A phone line is not required for the DVR to operate.

If it is a 522 or other two tuner DVR E* will charge you an additional $5 per month if you don't connect a phone line (in addition to any DVR fees that may apply).

Those with many receivers that don't connect phone lines have been known to be audited, which is a PITA.

JL


----------



## Neil Derryberry (Mar 23, 2002)

The contracts all require it and dish is now actively enforcing that policy, so do what you feel you need to do.. just ask yourself - Do I feel Lucky?


----------



## mya23rd (Dec 11, 2005)

Thanks guys. I'm not really feeling lucky. I really thought that Dish Net stopped doing that whole 5 dollar charge. I don't get it. Don't they realize fewer adn fewer people have landlines. Thats definitely a disadvantage compard to cable espeically when you consider that more people are relying solely on their cell phones. I remember earing somewhere that DirecTV is moving to phase out the requirement for phone lines. Apparently many cstomers have been complaining and rightly so. I don't know when DTV will phase out that requirement. But I assume they will just stop requiring that fee and download everythign to receivers through the satellite.


----------



## Stewart Vernon (Jan 7, 2005)

They never started a $5 charge for not connecting a phone line.

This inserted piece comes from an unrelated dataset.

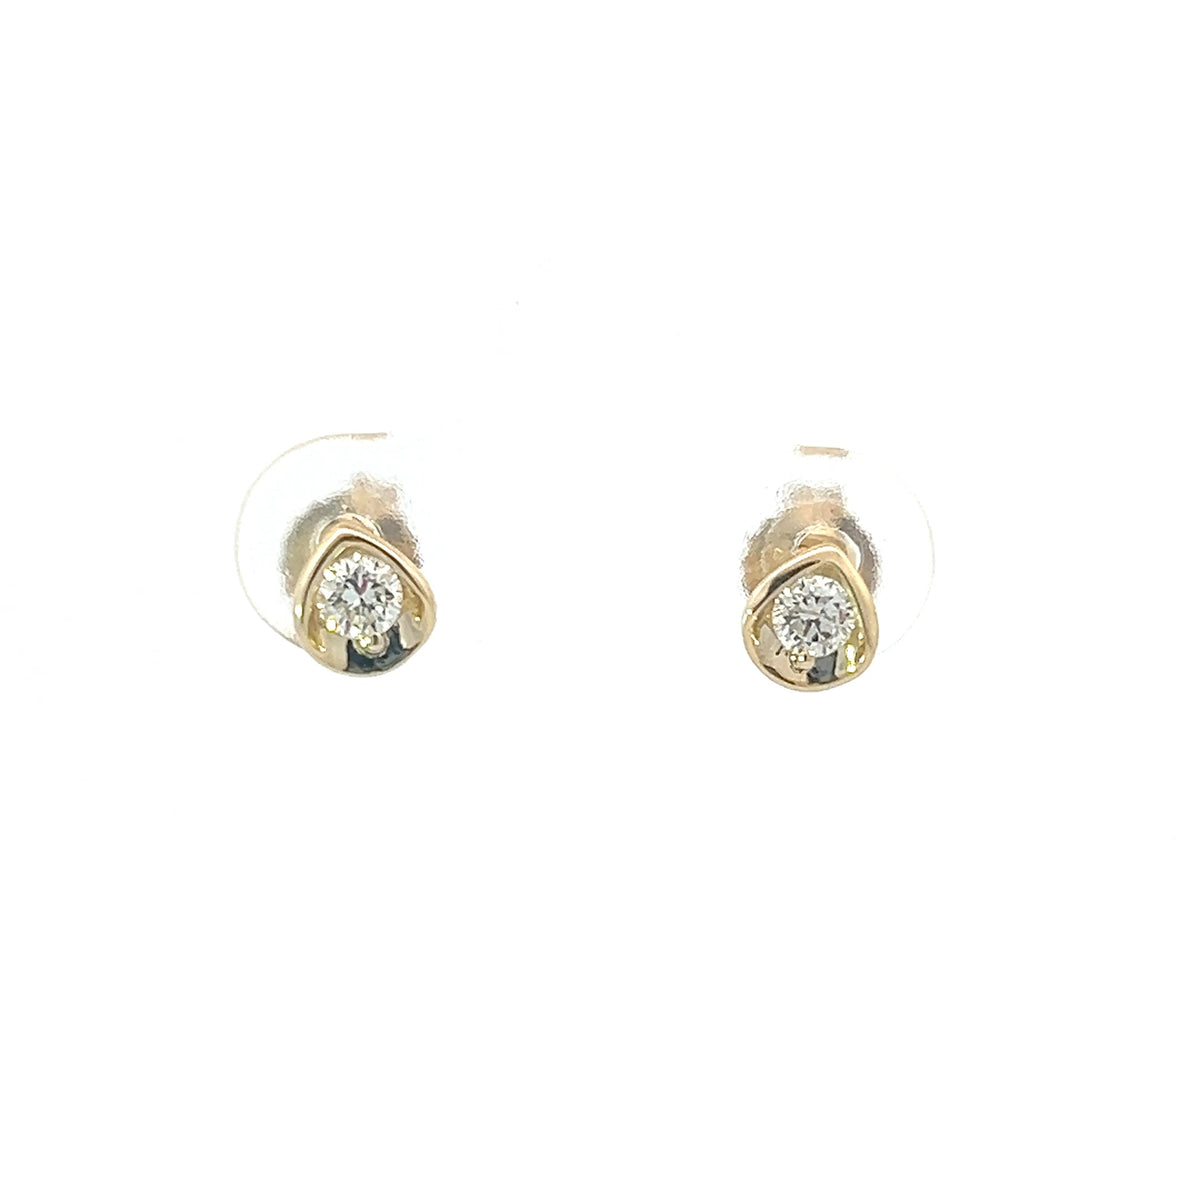 10K Yellow Gold 0.15 cttw Round Brilliant Cut Canadian Diamond Earrings

The dual tuner DVRs have two tuners... and they charge a fee per tuner... but if you connect a phone line to it they will credit you $5 for doing so. It isn't a phone line fee.

The odd part, and I've not seen anyone officially address this...

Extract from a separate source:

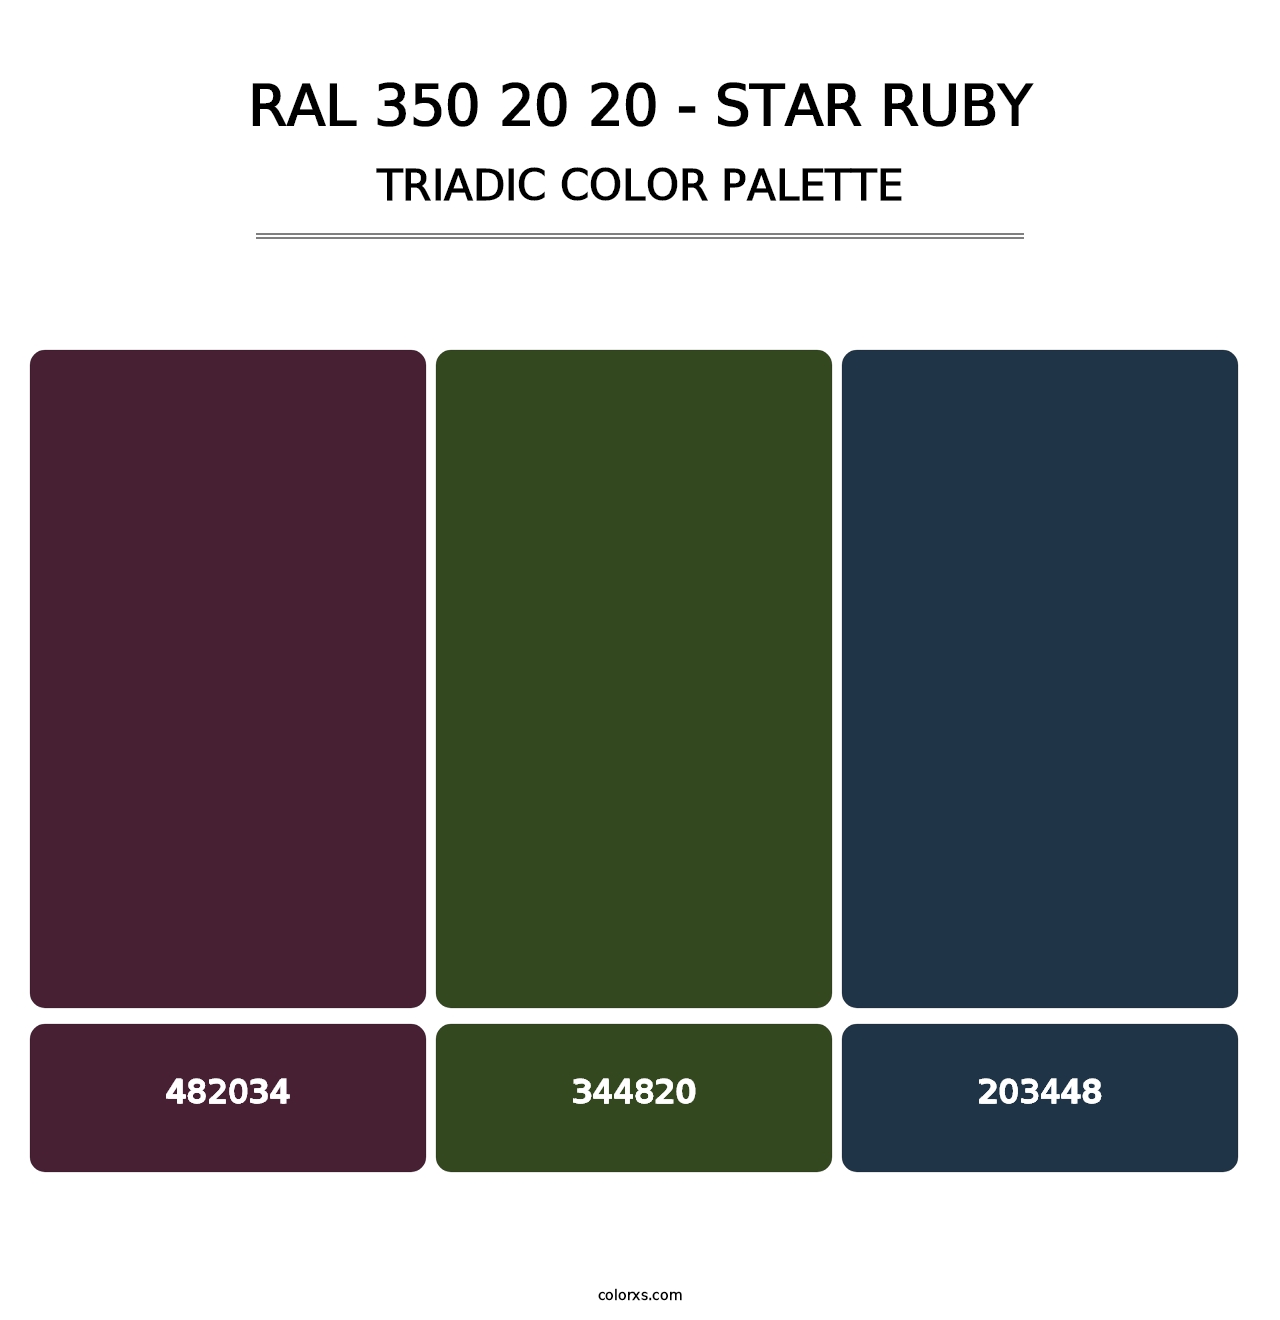 RAL 350 20 20 - Star Ruby - Triadic Color Palette

I know full well that the Dish contracts all say "you must connect a phone line to each receiver"... and they have audited some people for not doing this...

BUT... how can they say "phone line required" and at the same time say "if you connect a phone line we will credit $5"?

I mean, if the phone line is required and they will potentially audit you and worse if you don't pass the audit... then shouldn't they assume you have the phone line connected to the dual tuner DVR and not charge you the second tuner fee in the first place?

It seems confusing to me... and I wonder if anyone with a 942 or 522 dual-tuner DVR has brought that up during an audit?


----------



## Stewart Vernon (Jan 7, 2005)

mya23rd said:


> I don't know when DTV will phase out that requirement. But I assume they will just stop requiring that fee and download everythign to receivers through the satellite.


I can't speak for DirecTV... but Dish doesn't "download" anything to receivers through the phone line. All communication TO the receiver is by satellite. The phone line allows the receiver to dial-out and communicate things like pay-per-view information to Dish so they know to bill you for it. It also serves a secondary purpose, in that if it ever called in from a phone number other than yours... Dish would know you are cheating and sharing your account with someone else.

I have been with Dish several years, and don't have either of my receivers connected to a phone line. I don't do pay-per-view, so there has been no need technically to do so... and I know I'll pass an audit if they call me since I'm not cheating them... but I also realize that I am not fully in compliance so if they did audit me, it would be my own fault for not connecting the phone lines.


----------



## HIPAR (May 15, 2005)

Am I cheating if I take my Dish receiver to my mountain house where there is no landline? Will it work there? Seems to me that a good reason for satellite TV is that it works where cable and telephone service is not available.

--- CHAS


----------



## scooper (Apr 22, 2002)

IT will work - but you're setting yourself up for the audit team....


----------



## lakebum431 (Jun 30, 2005)

HIPAR said:


> Am I cheating if I take my Dish receiver to my mountain house where there is no landline? Will it work there? Seems to me that a good reason for satellite TV is that it works where cable and telephone service is available.
> 
> --- CHAS


It depends what you are talking about. If you mean you are paying for service at 1 location (your main home), and you want to take your box to another location (your mountain home) while you are there, then technically you are breaking the law. E* would require you to pay for another account for your mountain house. That being said, there are people that feel if they are only watching at 1 location at a time they shouldn't have to pay for a whole different account. I can see both sides. From what I have read the potential for you getting audited depends on several factors (number of receivers, length of time the receivers aren't plugged into a phone line, etc.).


----------



## BobaBird (Mar 31, 2002)

James Long said:


> If it is a 522 or other two tuner DVR E* will charge you an additional $5 per month if you don't connect a phone line (in addition to any DVR fees that may apply).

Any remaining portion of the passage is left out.